Given information ::

______

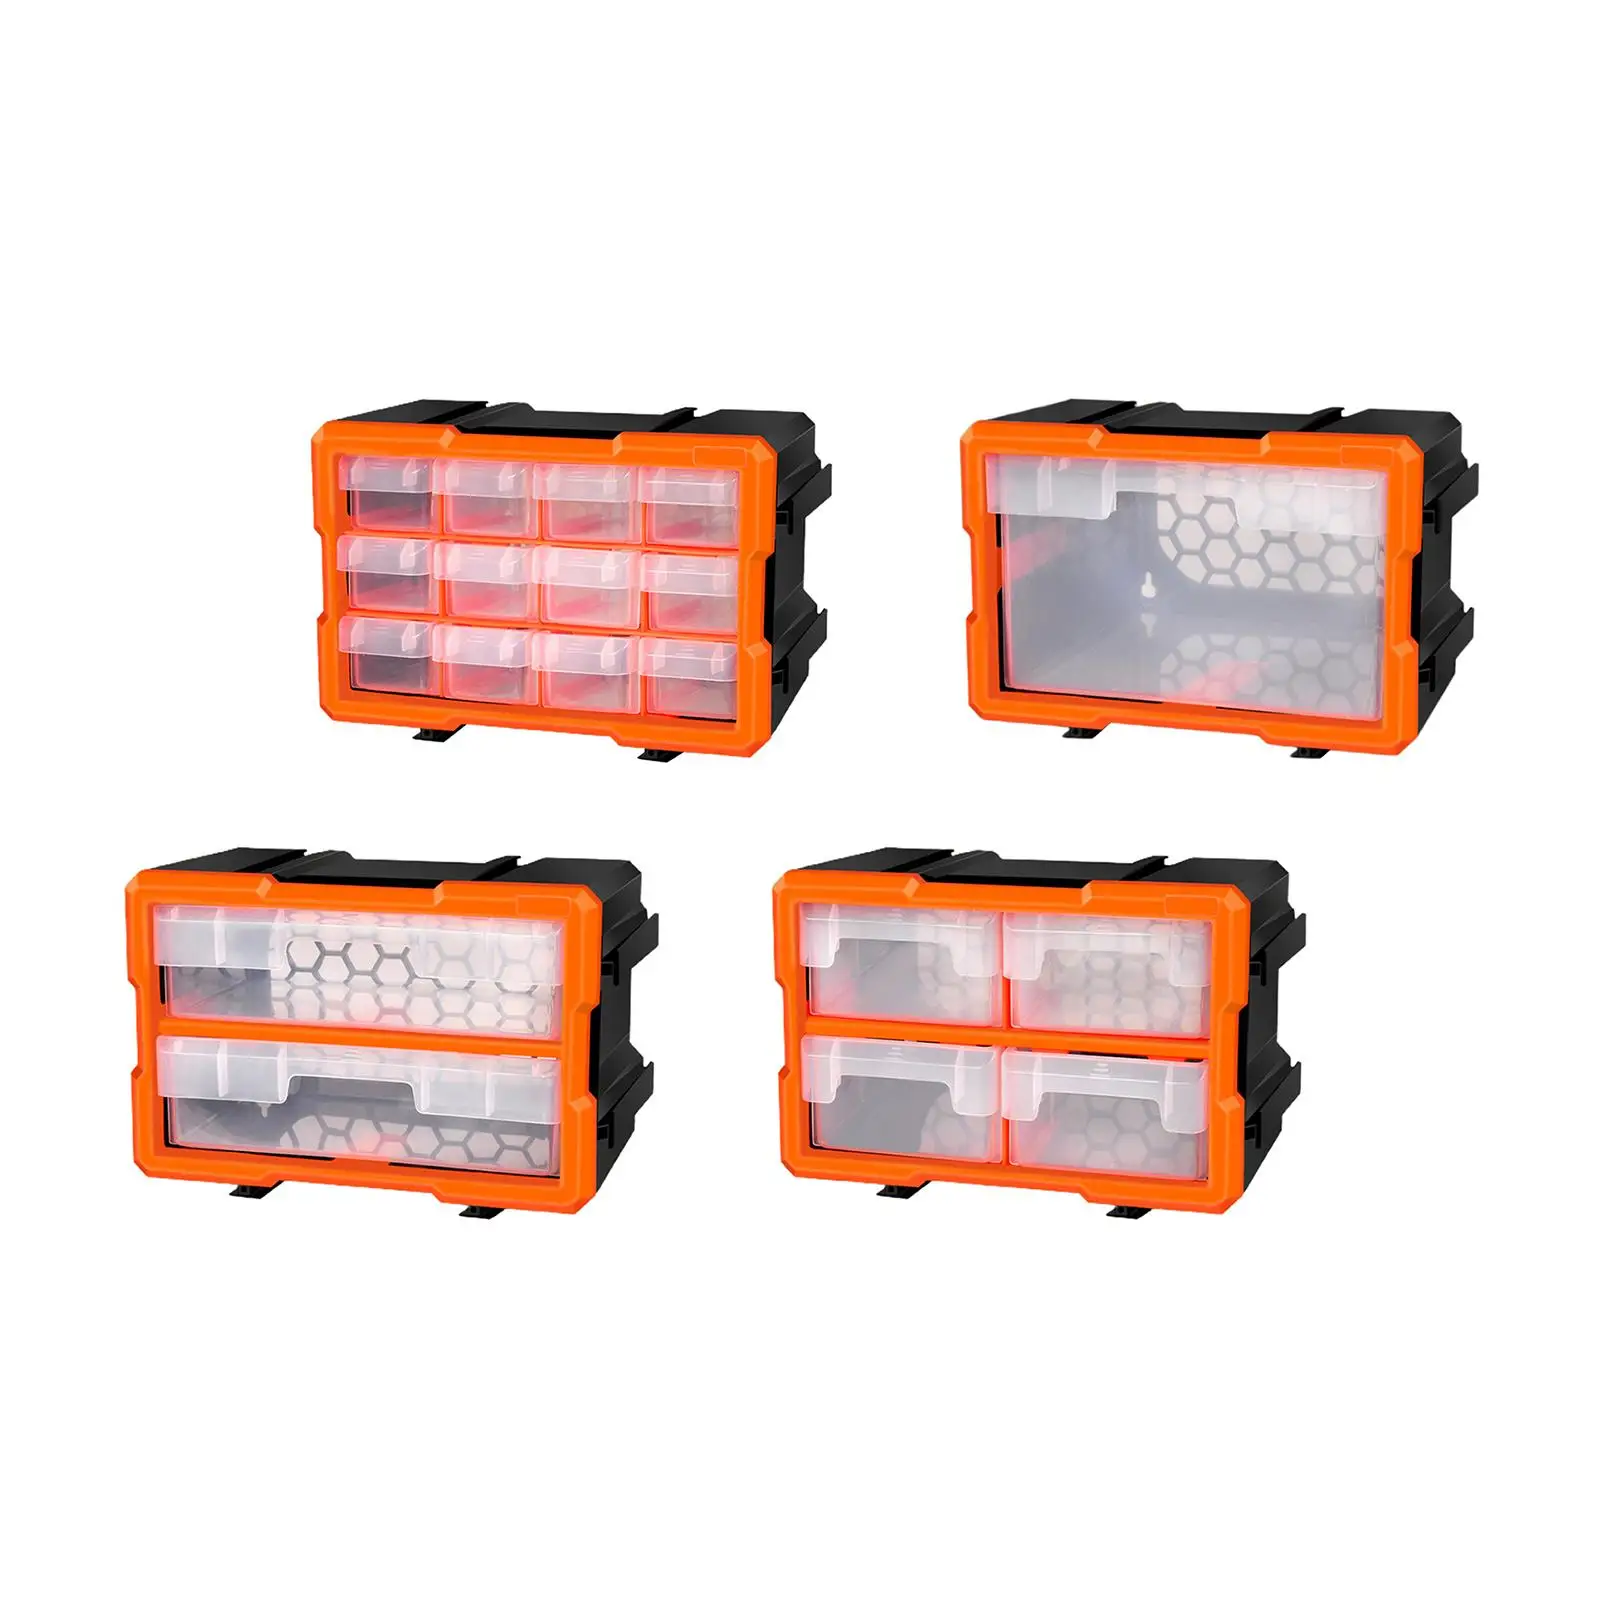 Multi Compartment Hardware and Crafts Portable Organizer Storage Case
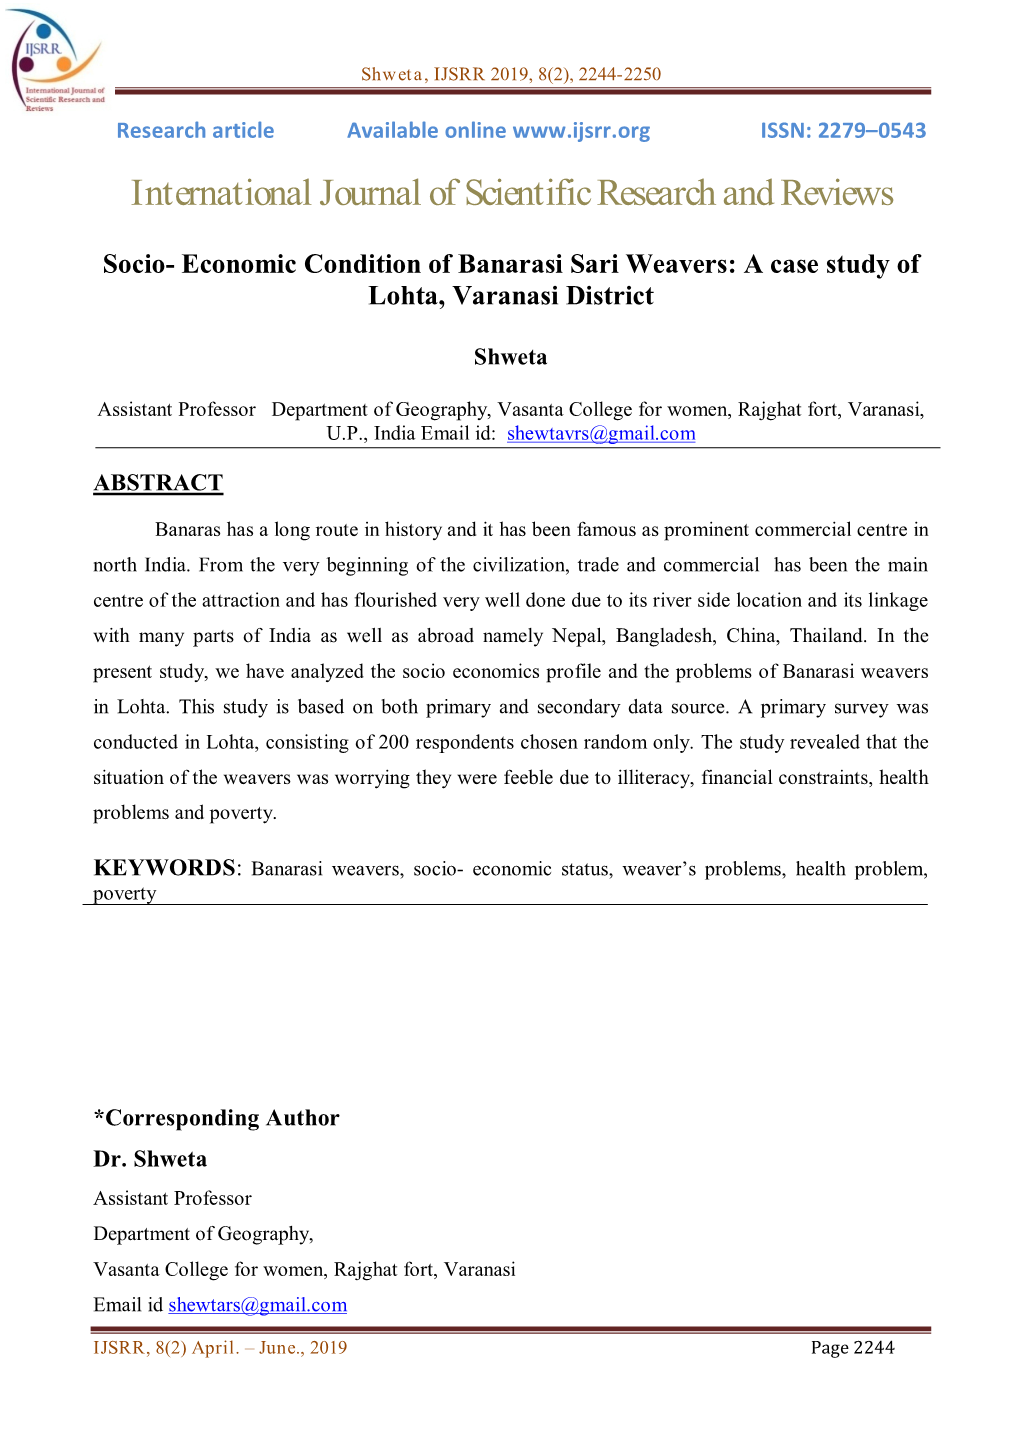 Socio- Economic Condition of Banarasi Sari Weavers: a Case Study of Lohta, Varanasi District
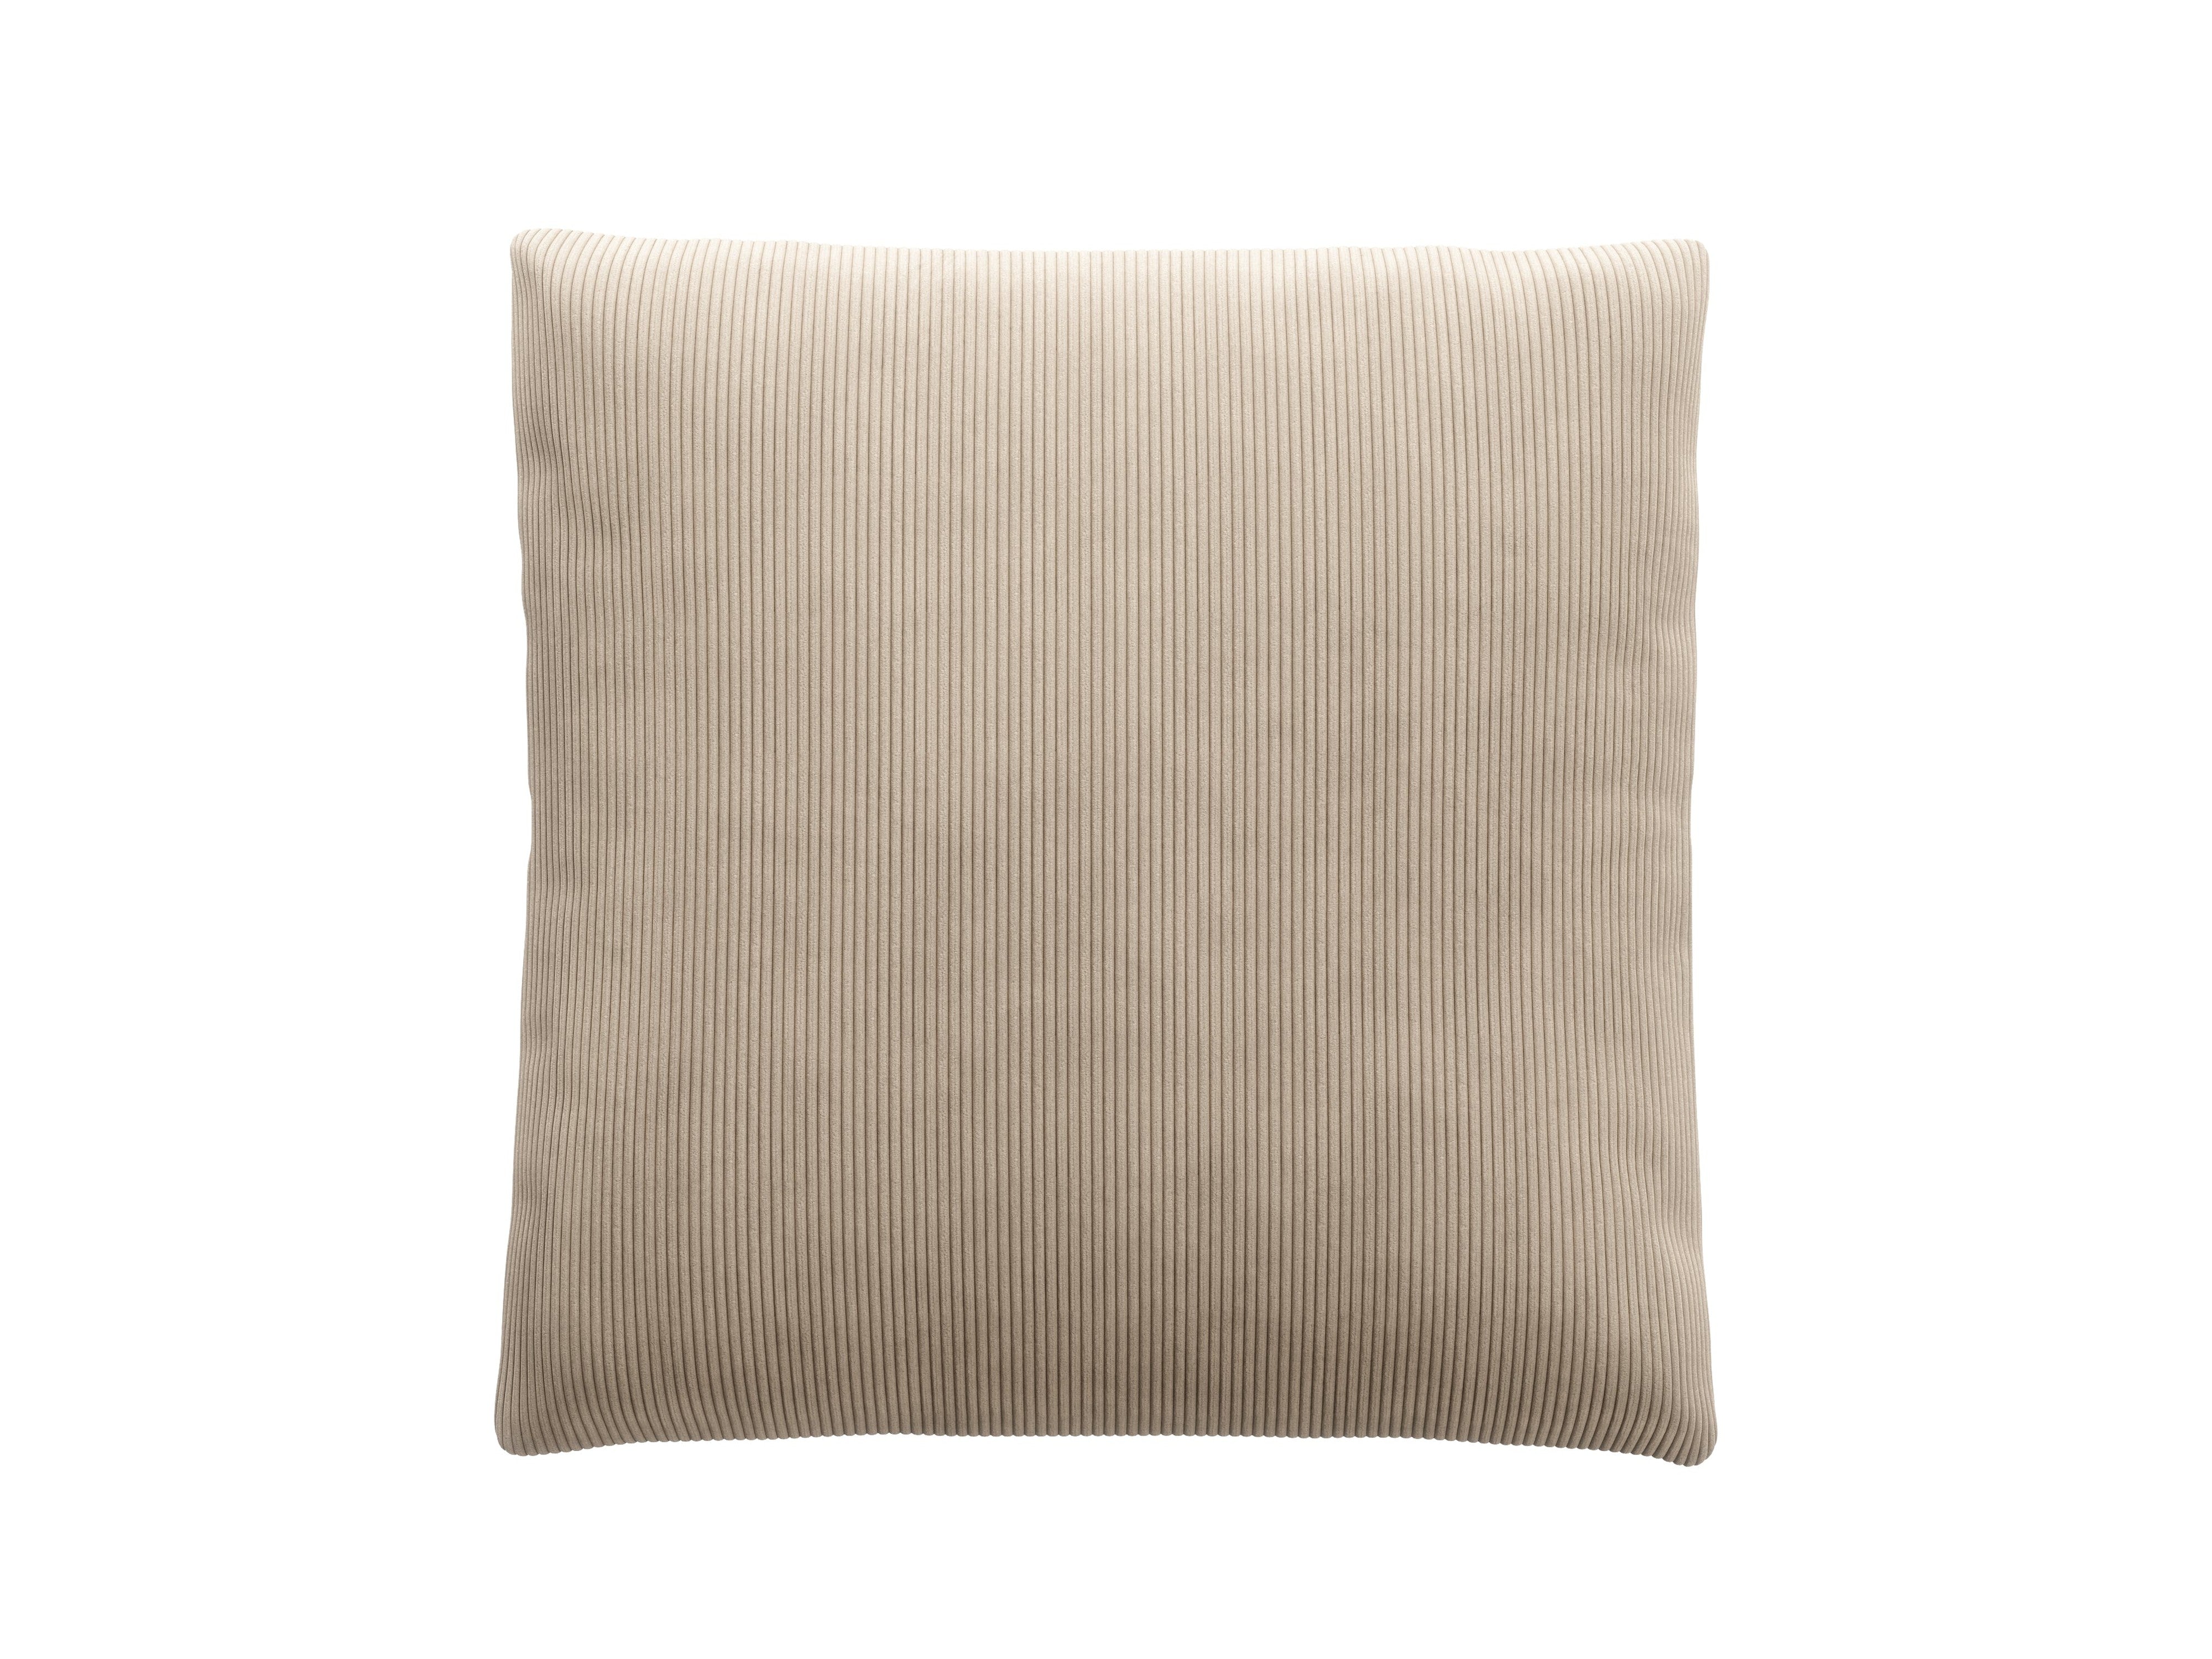 jumbo pillow - cord velours - sand

______

Action item :: Every line of the listing must be reproduced exactly, though the pictures are to be left out.

Answer to the exercise ::
 Multi Compartment Hardware and Crafts Portable Organizer Storage Case
 Socio- Economic Condition of Banarasi Sari Weavers: a Case Study of Lohta, Varanasi District
 jumbo pillow - cord velours - sand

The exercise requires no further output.